Vladimir Rachko is a very accomplished artist from Moscow (now based in Melbourne) who creates elaborate, cerebral paintings drawing on the history of the Russian avant-garde referencing the greats like Kandinsky, Malevich and Filonov in a witty and erudite manner. His artist wife, Elena Rachko creates exquisite and refined still life compositions.
 
 
Natasha Daniloff, an artist with a considerable Australian reputation, imbues everyday objects with a sense of nostalgia and profound charm. As with the work of Elena Rachko, Daniloff’s work may contain nothing in it that is demonstratively Russian, yet it reflects a whole range of cultural associations that are distinctly of Russia.
 
 
Vera Sell-Ryazanoff is a mystical Russian artist with a very impressive training from Moscow. In the many years that she spent in Australia (presently she resides in Berlin) she perfected a technique of painting with sand that seems to create dissolving auras of light illuminating angelic beings.
 
It is difficult when addressing an exhibition of the work of 50 artists not to write in the form of an annotated catalogue, so I will pause rather than mention a score or so of other very interesting artists.

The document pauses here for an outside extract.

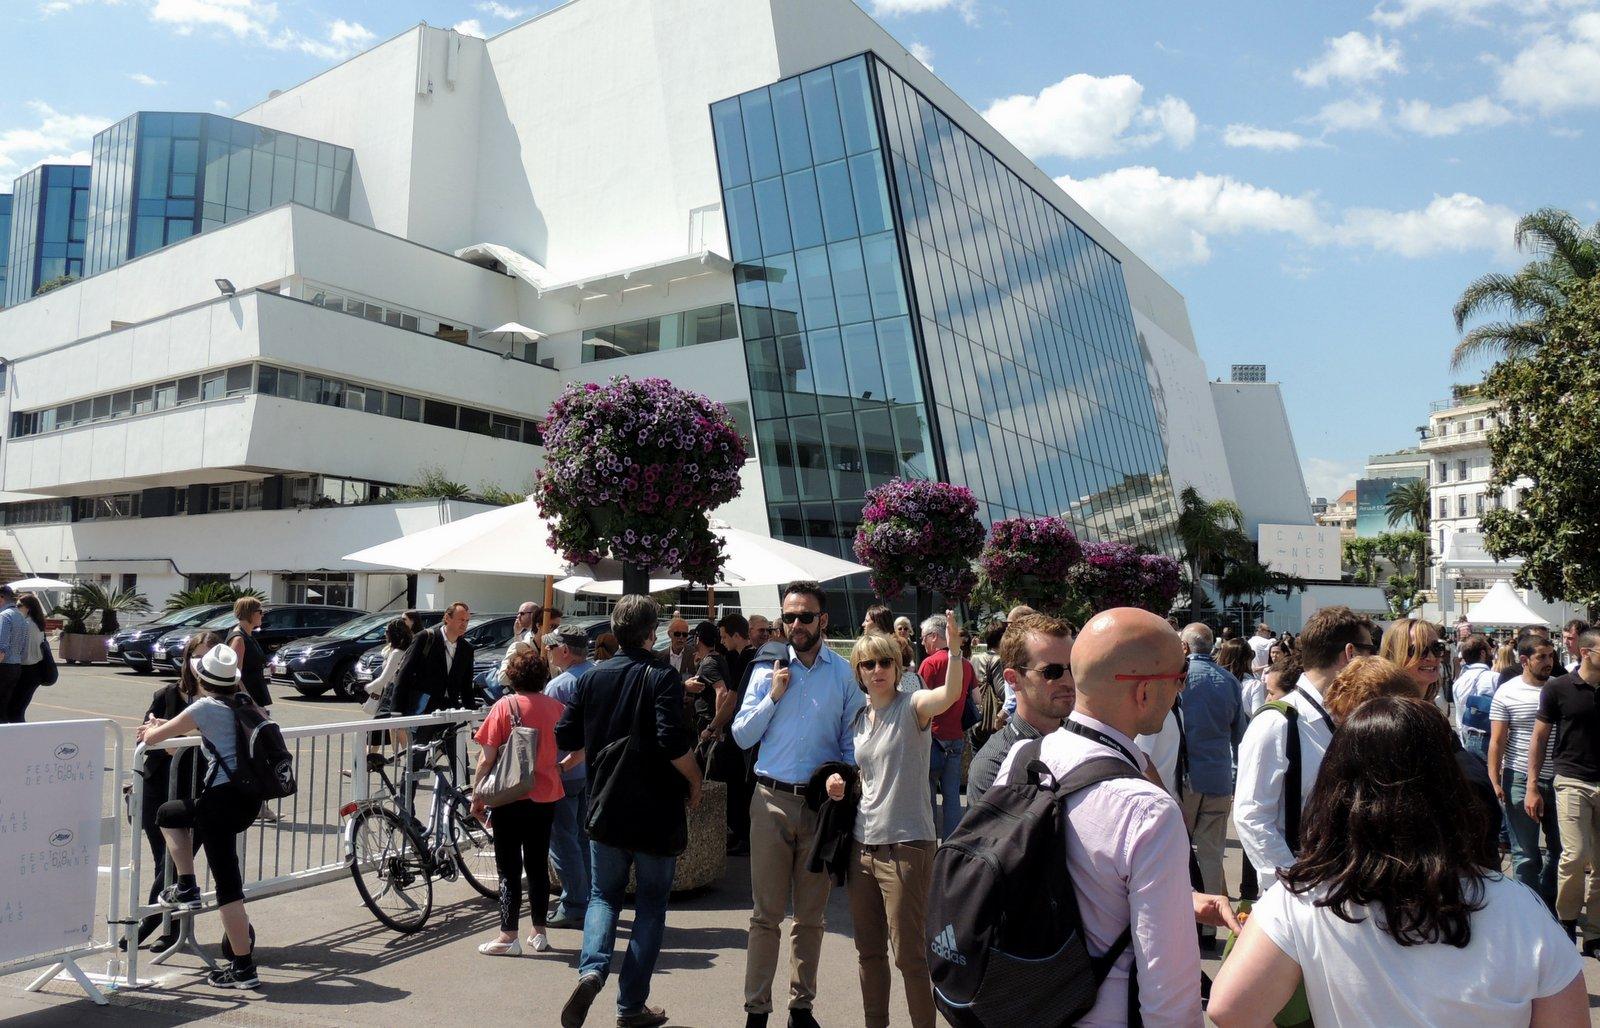 Filmfestspiele in Cannes - Côte d`Azur

Much of the art in this exhibition is of a profoundly contemplative nature; it references things, concepts, ideas and literary associations that lie beyond the artwork itself. The cultural associations draw on a great literary tradition – from Pushkin, Dostoevsky and Tolstoy to Gumilev, Mandelstam and Akhmatova – and breathe of the spirit of Russia.
 

 
None of the work at this exhibition could be described as ‘nationalistic’, in the sense of championing one country as being superior to all others, but much of the work has a national identity – sometimes a spiritual yearning, a daydream, nostalgia and the search for another, deeper dimension beyond that which exists on the surface of things.